Thursday, September 7, 2017

Traffic and landscaping during the daytime. Blasting TVs at night. I really can’t live in peace, can I? The “stroke” house is blasting their TV again. I can hear it all the way down in my bedroom. When I was out walking earlier I could not only see the TV through their window, but they had the window wide open. Do they have any idea just how fucking loud that thing is or do they not give a shit? I’m guessing the latter. But because it’s a lot easier to drown out than loud stereos and barking dogs, I’m keeping my mouth shut, even though I shouldn’t have to hear someone else’s TV at midnight. Especially in a retirement community and ESPECIALLY in a house. That’s just fucking ridiculous. But knowing what pussies people tend to be and how poorly they handle complaints, no matter how much in the right I may be, I don’t want to risk what shit they may give me thus possibly causing me to lose it on them.

They had their equally obnoxious car out a couple of times earlier. It’s not as loud as the one the kid drives, but loud enough to give them the gratification of knowing that they forced people to acknowledge them as they drove by. But yeah, I’d say the guy who had a stroke has recovered enough to start driving again. And blast the TV, of course. These people aren’t early to bed like most old folks. The TV is usually blasting between 9 PM and 1 AM. I don’t know how the people next to them and Bob and Virginia can stand it.

A couple of days ago I was thinking that they’re going to turn the water off again any time now, and I was right. We got a notice saying it’s going to be off tomorrow from 8 AM to 2 PM, but I should be asleep during those times.

Later…

For the first time in my life, I was thrilled when my doctor’s nurse called to tell me my TSH was at 15, and I explained why and all about the experiment I was doing to isolate the root cause of my anxiety for once and for all. I told her I started skipping every other day when I felt anxious a few weeks ago so I could see if I still felt that way when my TSH eventually got too high to be causing most of it (OMG, the dry skin I had for a couple of weeks there). While the medication still can and does fuel the anxiety if my TSH drops under 10, it’s great to know the meds aren’t the main culprit. If I’m ever going to be able to tolerate the single digits, though, it’s going to have to wait until I’m postmenopausal and my hormones have settled in. But yeah, it’s great to know that the root cause since I began being “stabbed” in the chest on and off since last December is mostly the perimenopause just like my doctor in Tammy said.

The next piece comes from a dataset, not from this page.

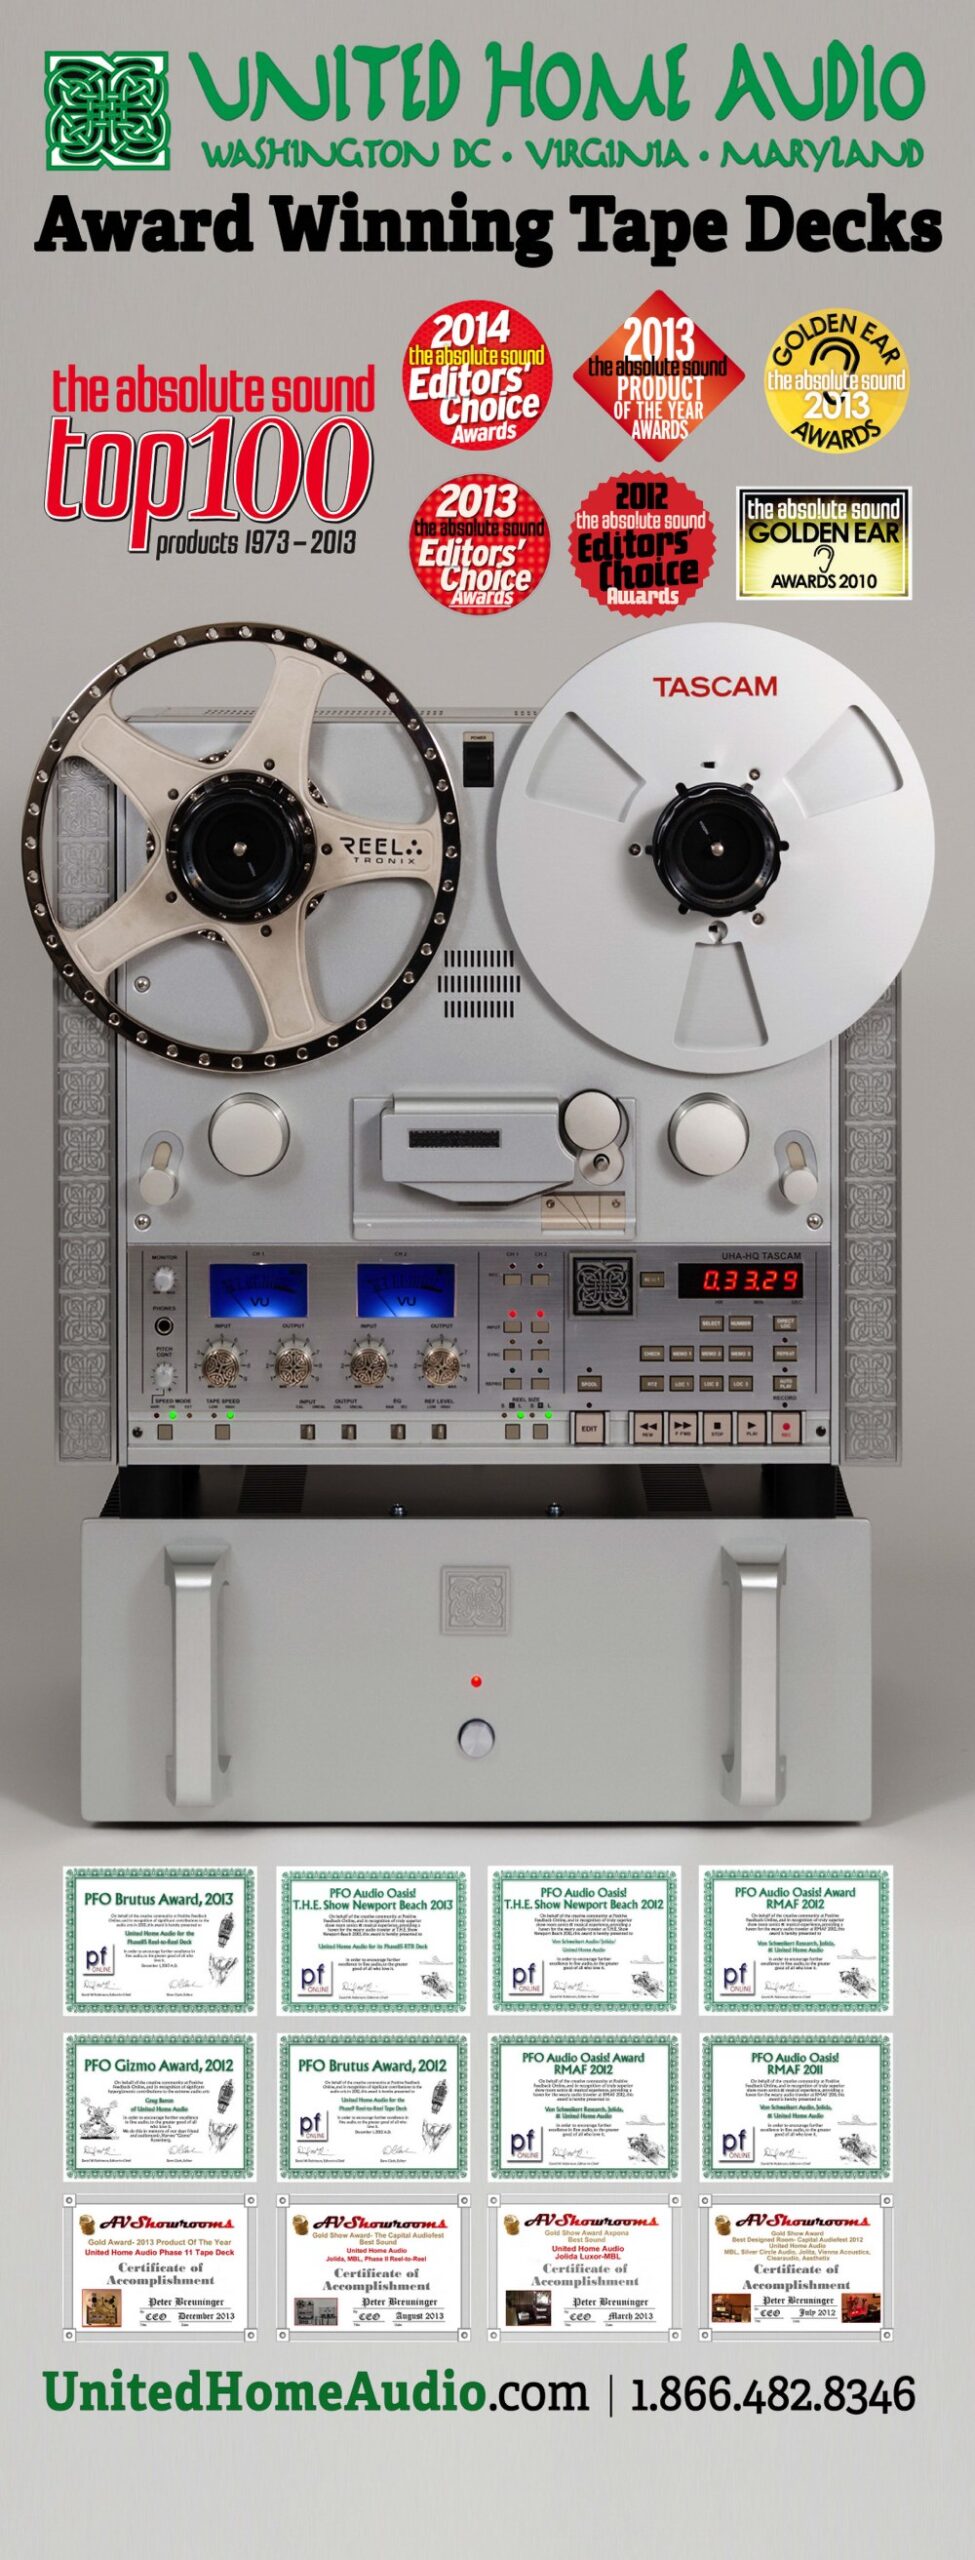 United Home Audio's New Tape Deck and Next-Gen Reel-to-Reel Tapes
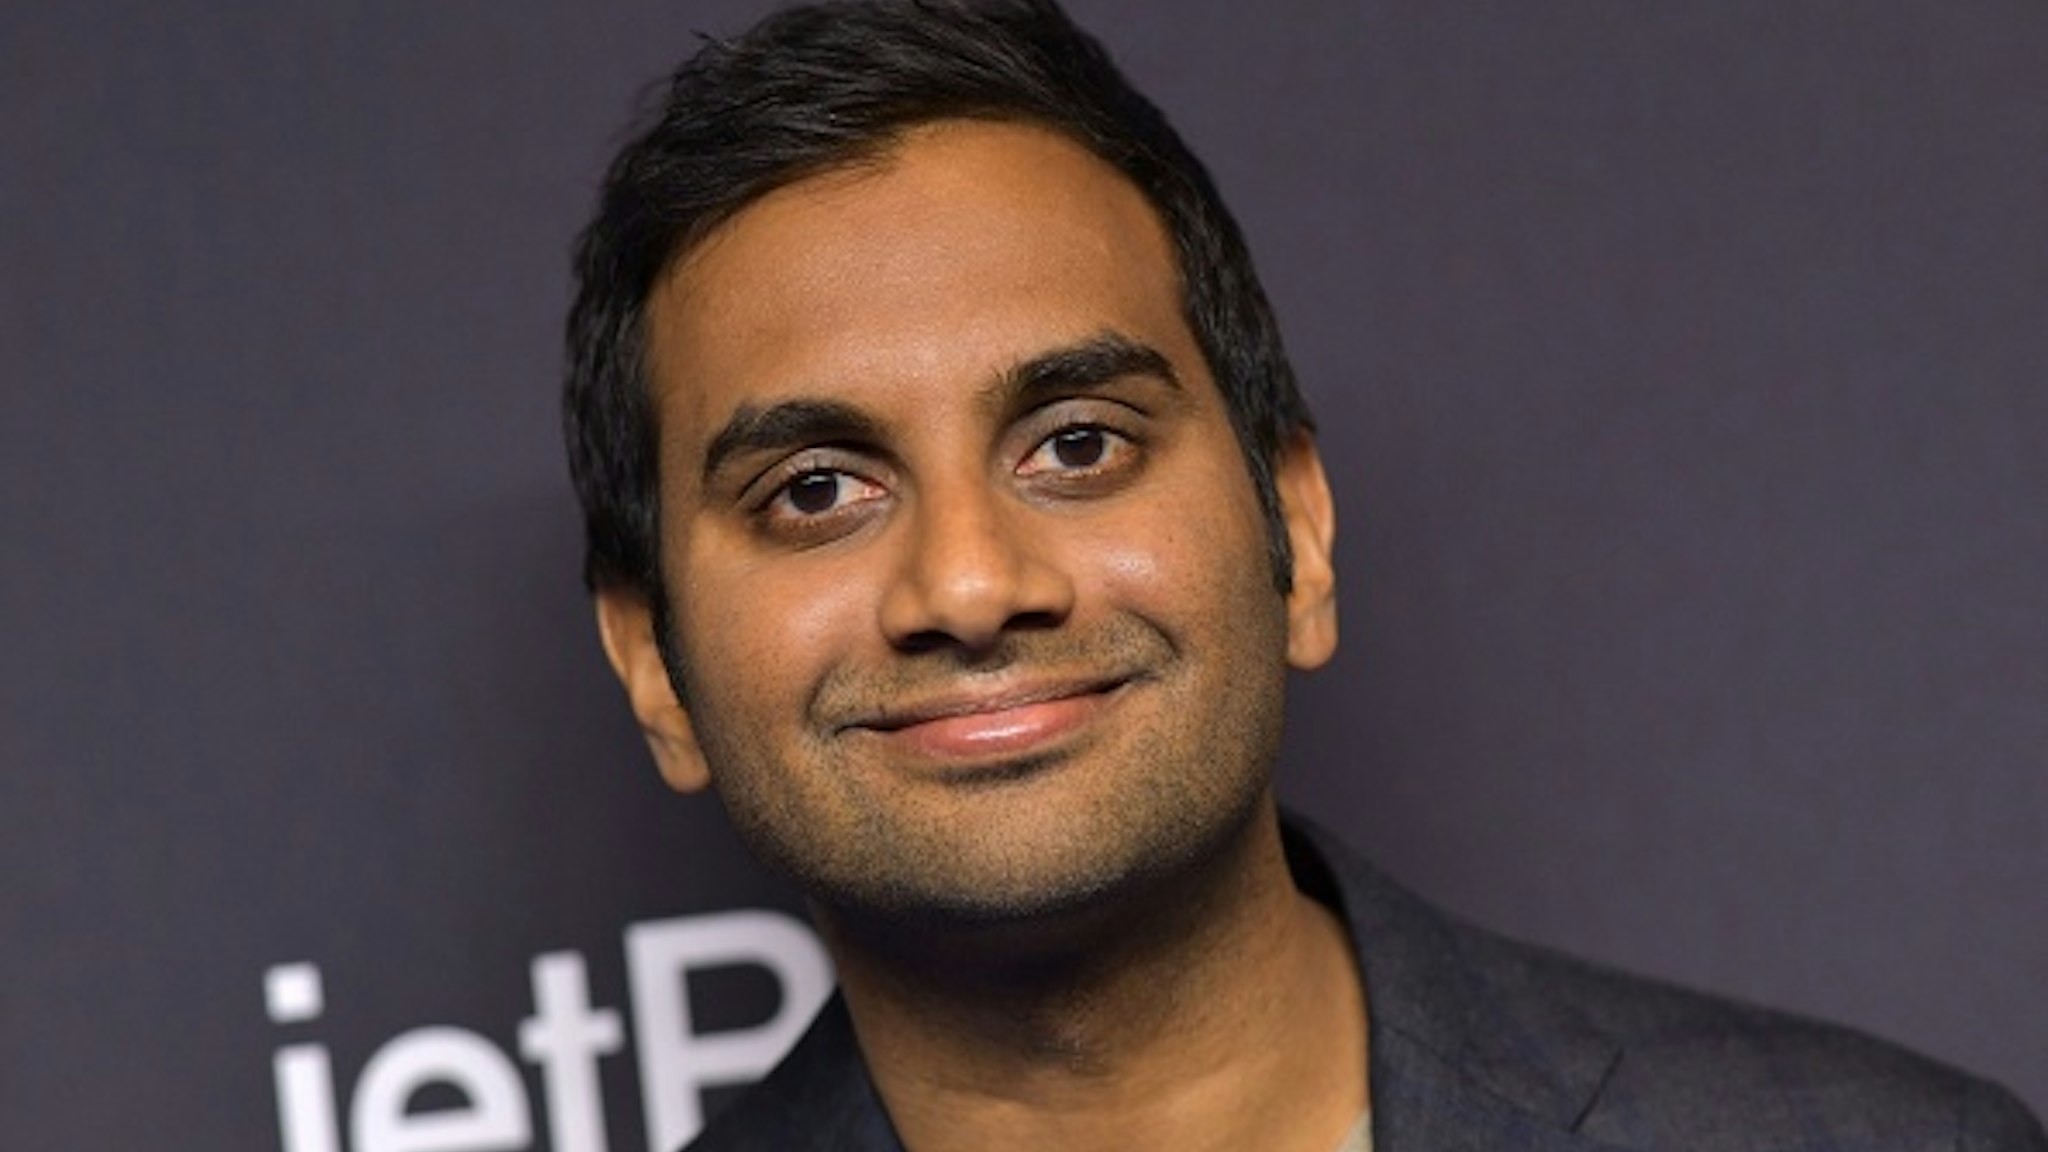 US actor Aziz Ansari arrives for the PaleyFest presentation of NBC's "Parks and Recreation" 10th Anniversary Reunion at the Dolby theatre on March 21, 2019 in Hollywood.

For now, I’ve agreed to take it every day that I can stand to (I’m not going to let the anxiety escalate to the point that my heart is racing and I’m on the toilet with the runs three times a day) and will skip doses if the anxiety picks up. For the most part, I haven’t had too many anxious days for a while and it’s now been a couple of months since I needed lorazepam. In six weeks I will return to the lab.

Thinking back on it now there are a few things I can see that definitely points away from the medication as being the root cause. I took a dose following a day where I felt anxious but didn’t have any anxiety the next day. So no accumulation issues or pocket flares there. I also haven’t had any lung tightness or “mindfuckers,” as I call those crazy and irrational flashes of dread I used to feel. No jitteriness either… All symptoms that you’re heading for trouble and going thyrotoxic.

For just one dollar each, we upgraded our phones to these really nice androids that will cost us anywhere from $3 - $14 a month depending on what data we DL. Yeah, a hell of a deal. I don’t understand why people pay hundreds for high-end phones when there are much cheaper phones that can do the same thing. Tom got one first and when I checked it out and decided I like it better than my other one, we went and ordered me one before this incredible sale is over. We had a little trouble at first but finally managed to transfer my number to the new phone. I hate to chat much but I do other things with it like play music on it when I’m out running. This one is easier to change wallpaper pics, create contacts, and tweak other settings. I love how I can give different people in my contacts different ringtones.

Hurricane Irma is heading Tammy’s way, last I knew. I guess she’s still going to the girls’ place and Mark will be holed up at work.